As of December 31, 2023, the Company had deferred tax assets of $131.7 million. Due to uncertainties surrounding the Company’s ability to generate future taxable income to realize these assets, a full valuation allowance has been established to offset the net deferred tax asset.
Pursuant to Sections 382 and 383 of the Internal Revenue Code (“IRC”), annual use of the Company’s NOL and credit carryforwards may be limited in the event a cumulative change in ownership of more than 50% occurs within a three-year period. The most recent Section 382 analysis was completed through December 31, 2011 as a result of a previous ownership change on December 29, 2006, as determined per the provisions of Section 382 of the IRC as a result of various stock issuances used to finance the Company’s operations. Such ownership change resulted in annual limitations on the utilization of tax attributes, including NOL carryforwards and tax credits. A Section 382 analysis has not been conducted for the period between January 1, 2012 through December 31, 2023. As such, the Company cannot provide any assurance that a change in ownership within the meaning of the IRC has not occurred between those dates. If a change in ownership were to have occurred, additional NOL and tax credit carryforwards could be eliminated or restricted. If eliminated, the related asset would be removed from the deferred tax asset schedule with a corresponding reduction in the valuation allowance.

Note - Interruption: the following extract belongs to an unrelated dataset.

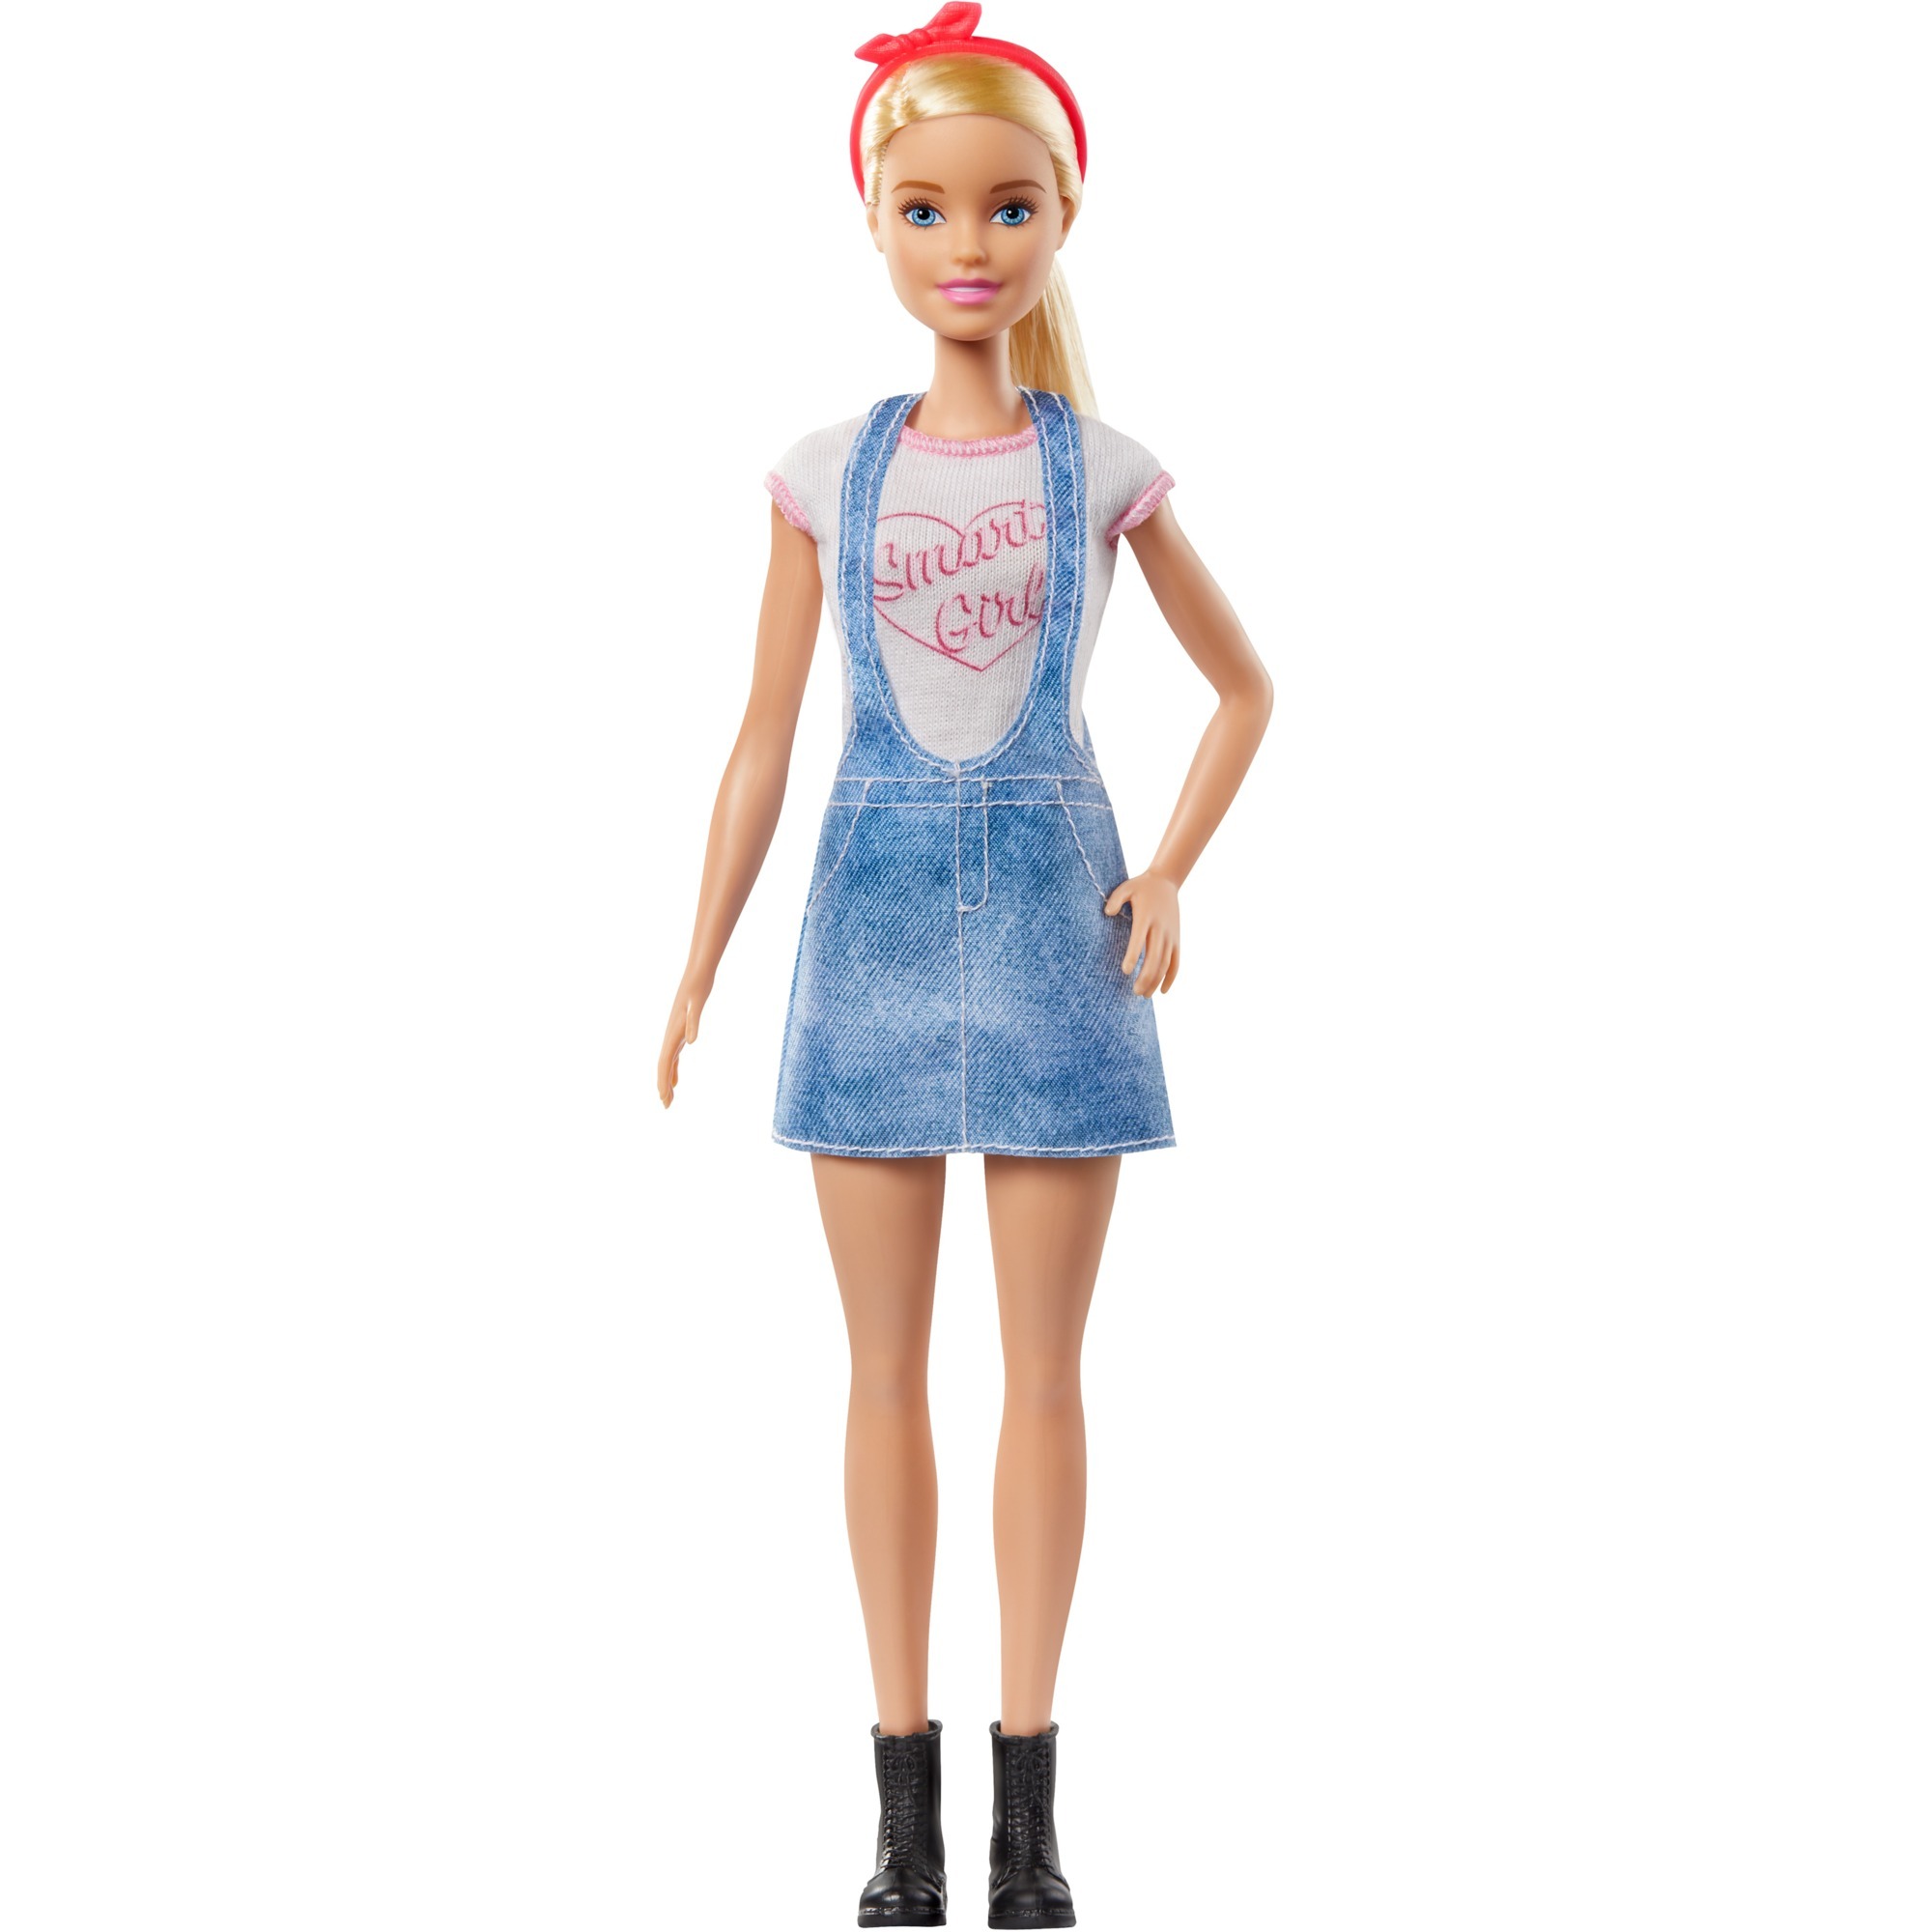 Image of Alternate - Barbie Karriere Puppe (blond) mit Überraschungs-Moden und Accessoires online einkaufen bei Alternate

As of December 31, 2023 and 2022, the Company had available federal NOL carryforwards of approximately $432.7 million and $454.5 million, respectively. The NOLs generated after 2017, totaling $156.0 million, will carry forward indefinitely and be available to offset up to 80% of future taxable income each year. NOLs generated before 2018, totaling $276.7 million, will expire from 2024 through 2037.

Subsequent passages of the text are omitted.